Hi, everyone. Thanks for the update and everything. I have a question about Luspatercept, because it's possible that by the time your trial starts or soon maybe halfway through or partway through, Luspatercept might be approved and marketed. How do you see that perhaps interfering, if you will, in any way, with the conduct and execution of your Phase 3 trial?

George, as far I know, the Luspatercept -- I don’t think we expect Luspatercept approvals before we would start our Phase 3. I’m not even sure to be honest with you when or if the NDA’s been filed. I don’t think it’s been filed yet, but…

April 2019.

April 2019 is when it's been announced, I guess, that Celgene plans to file it. So I don't think that will interfere with our study, though presumably while reviewing both of the enrolments Luspatercept, even if it gets a very quick review et cetera, should not -- I would not expect it to be available during the bulk of that enrolment. I think secondarily the more important thing is that, at least so far from what we can see, the two drugs really are -- I don't know where they're aimed. I'm not going to speak for Celgene in that regard. But they seem to have a different profile. Obviously, they’ve a very different mechanisms of action, and I think our perspective is that the patient who we've certainly gotten plenty of in our phase 2 and expect plenty of in our phase 3, which will be higher transfusion burdened patients -- remember we had on average eight units per eight weeks of transfusion, pre-treatment transfusion burden, compared to a lower number, five, for Luspatercept Medalist trial.
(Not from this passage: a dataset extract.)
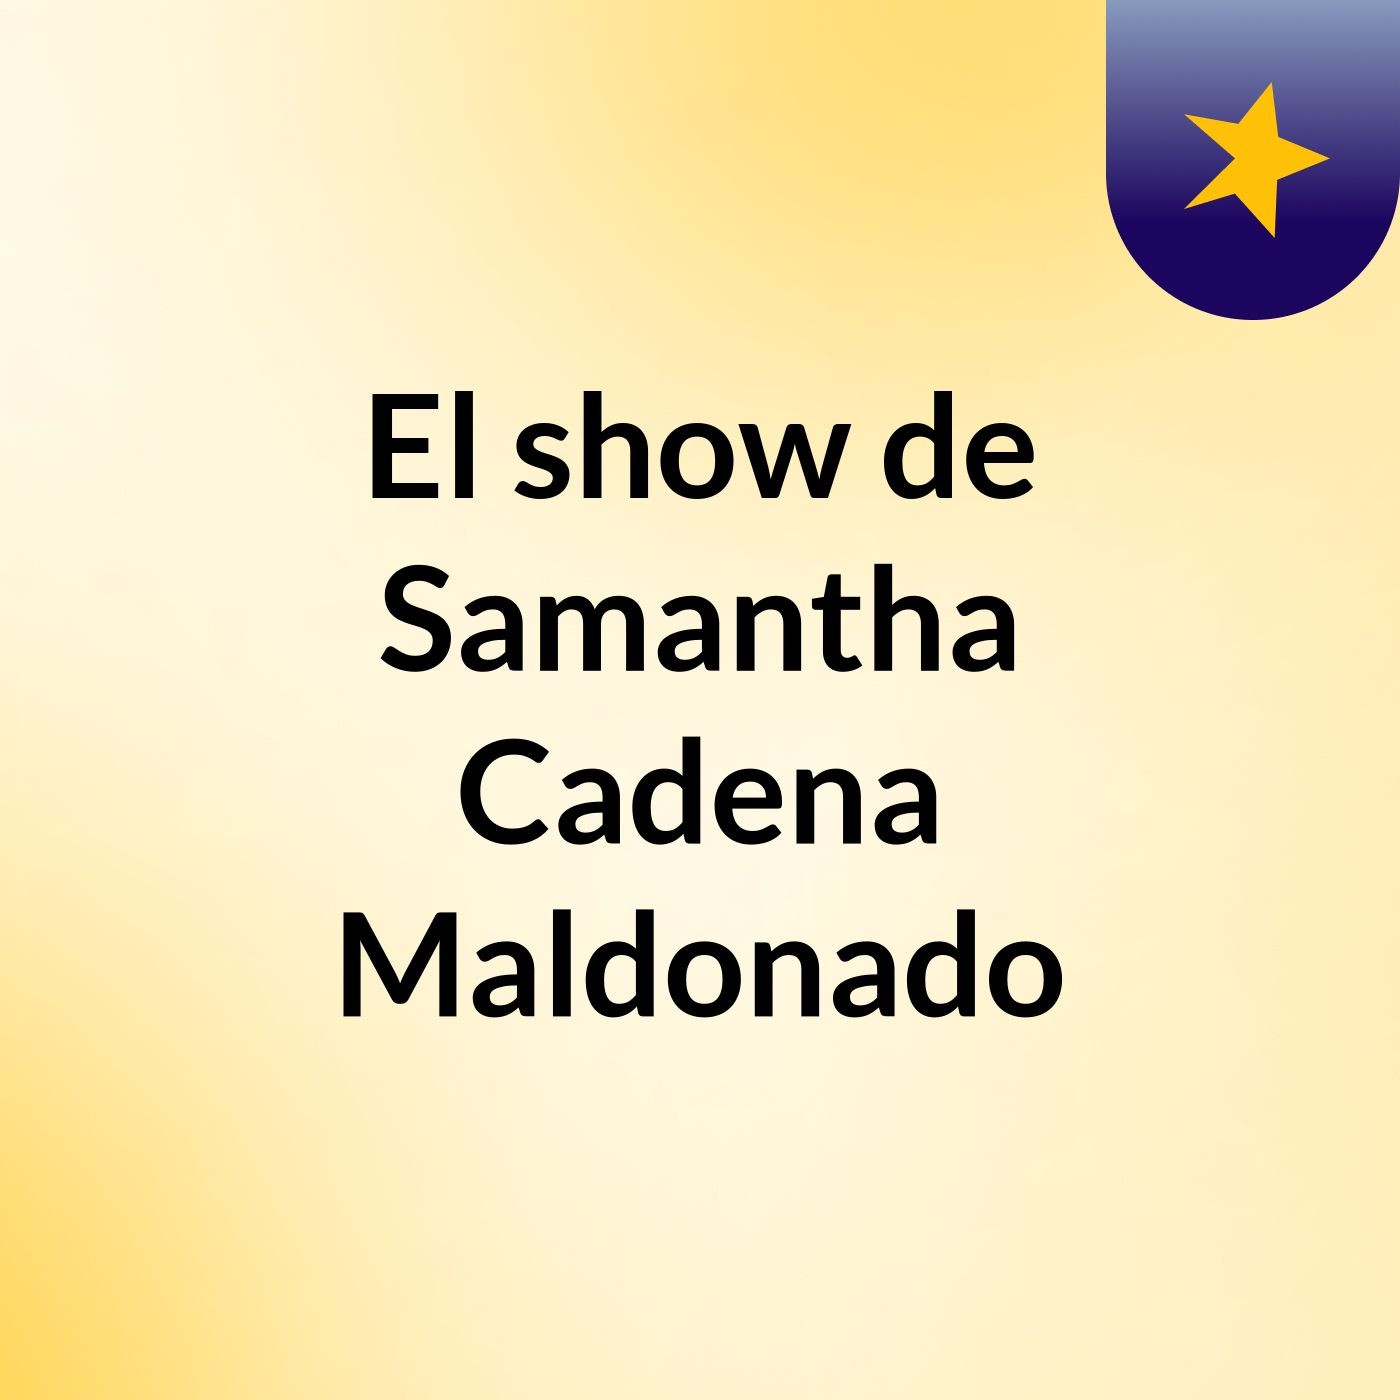 El show de Samantha Cadena Maldonado
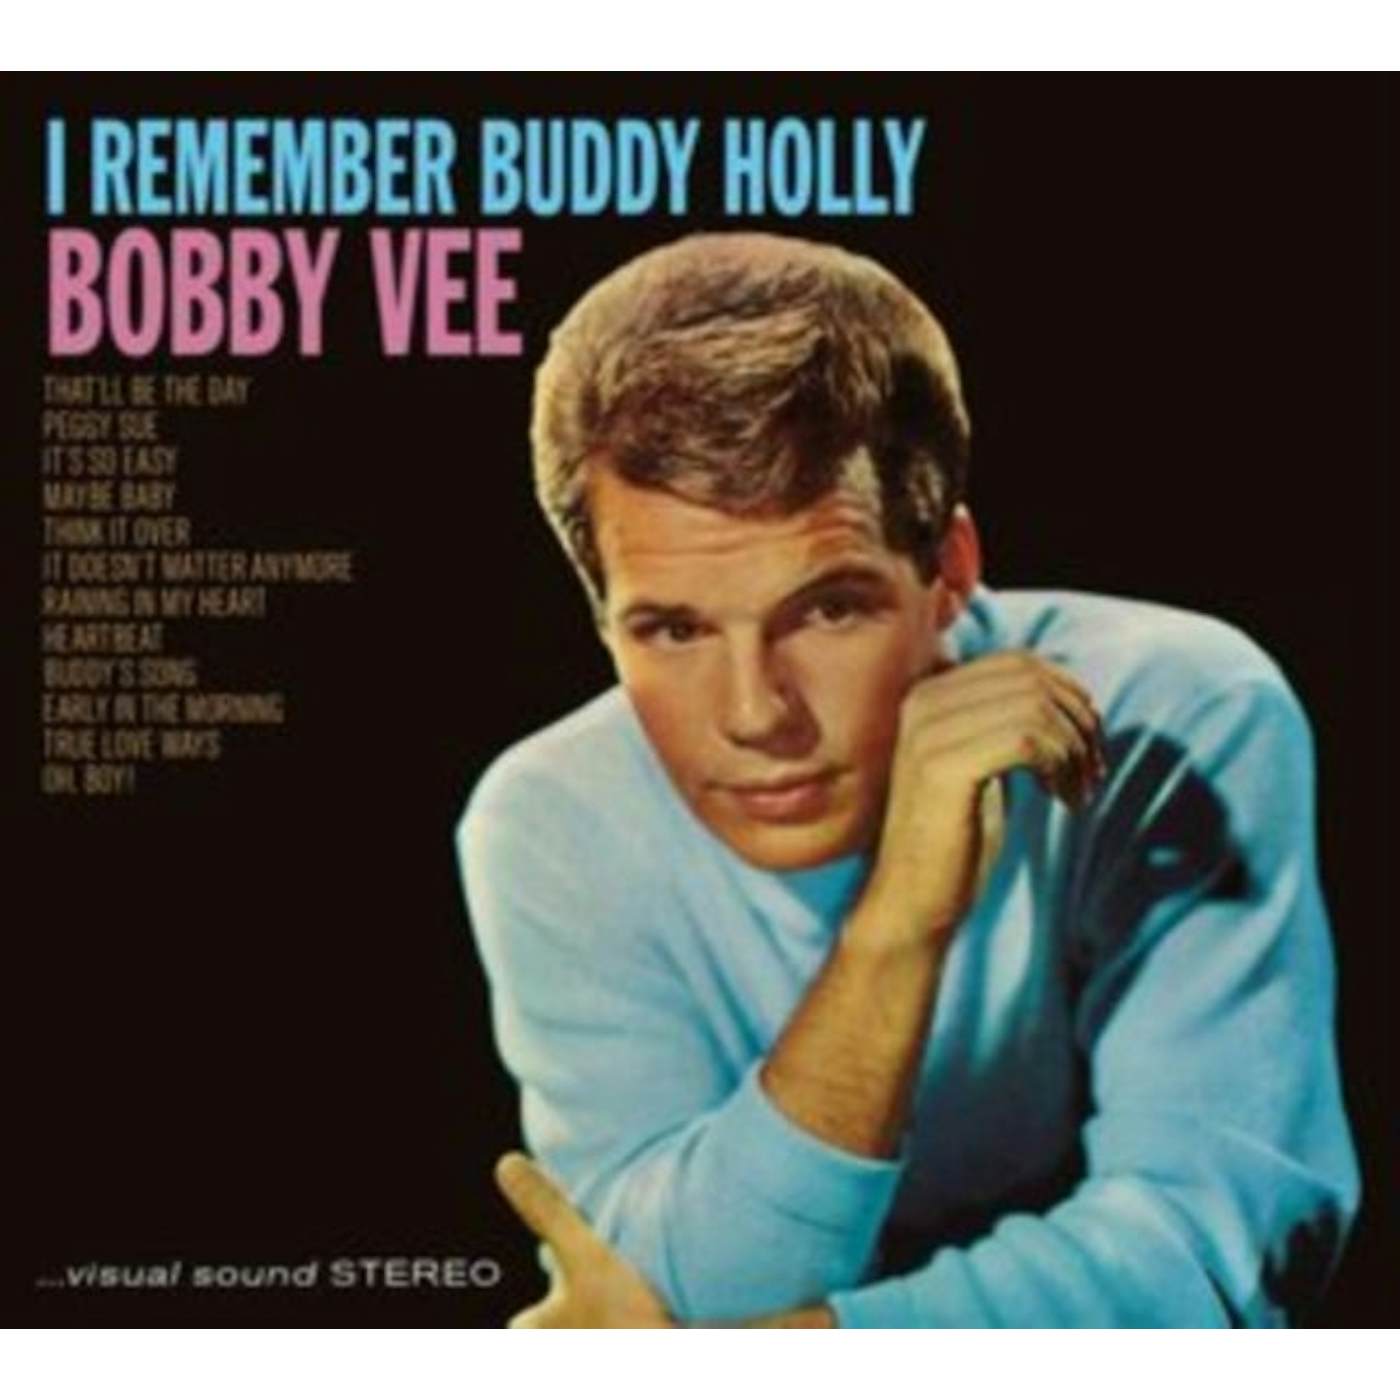 Bobby Vee CD - I Remember Buddy Holly + Meets The Ventures (+7 Bonus Tracks)

Clearly we're probably going to end up with a somewhat different patient population. So -- and by the way, on the other side, Luspatercept clinical, the safety profile was benign, and so I wouldn't be surprised to see clinicians being more interested in Luspatercept earlier, and maybe the patients who are more difficult to treat, we may end up getting those. Whatever the case may be, I see the two drugs -- we've always seen the two drugs sharing the market, and I don't see anything different to suggest that that won't be true in the future. I think we will have enthusiastic investigator support and patient support of phase 3.

Okay. That's great to hear. That's great to hear. And finally, for the IND, you mentioned about manufacturing. Is JAK inhibitor from Imetelstat and [indiscernible] pass over, too, or do you have to still make the stuff for -- make it for the phase 3 trial?

Yes, no, we have drug ready to go, obviously. The Imetelstat supply chain has been cranking away, and we do -- we are able to access drug made at Janssen. But we will need to bring that supply chain fully back under our control as part of the transition, and that's actually -- and then we have to make drug beyond that to support future uses and perhaps. So I think that the point to the story is that that's got a longer tail on the transition than some of the purely clinical and regulatory items. And that was always contemplated in the agreement that we had with Janssen, so this is really just a reflection of what we anticipated in the event that Janssen did not continue development. And that's pretty much going according to plan.

Okay. Thanks very much, Chip and Olivia.

And thanks, George, for participating. I appreciate it.

Thank you. And I'm showing no further questions at this time. I'd like to turn the call back to Dr. Scarlett for any closing remarks.

Thanks, everybody, for joining us today. And we look forward to sharing the achievement of several objectives throughout the coming year with you. Thanks a lot, and have a good day. Bye.

Ladies and gentlemen, thank you for participating in today's conference. This concludes today's program. You may all disconnect. Everyone have a great day.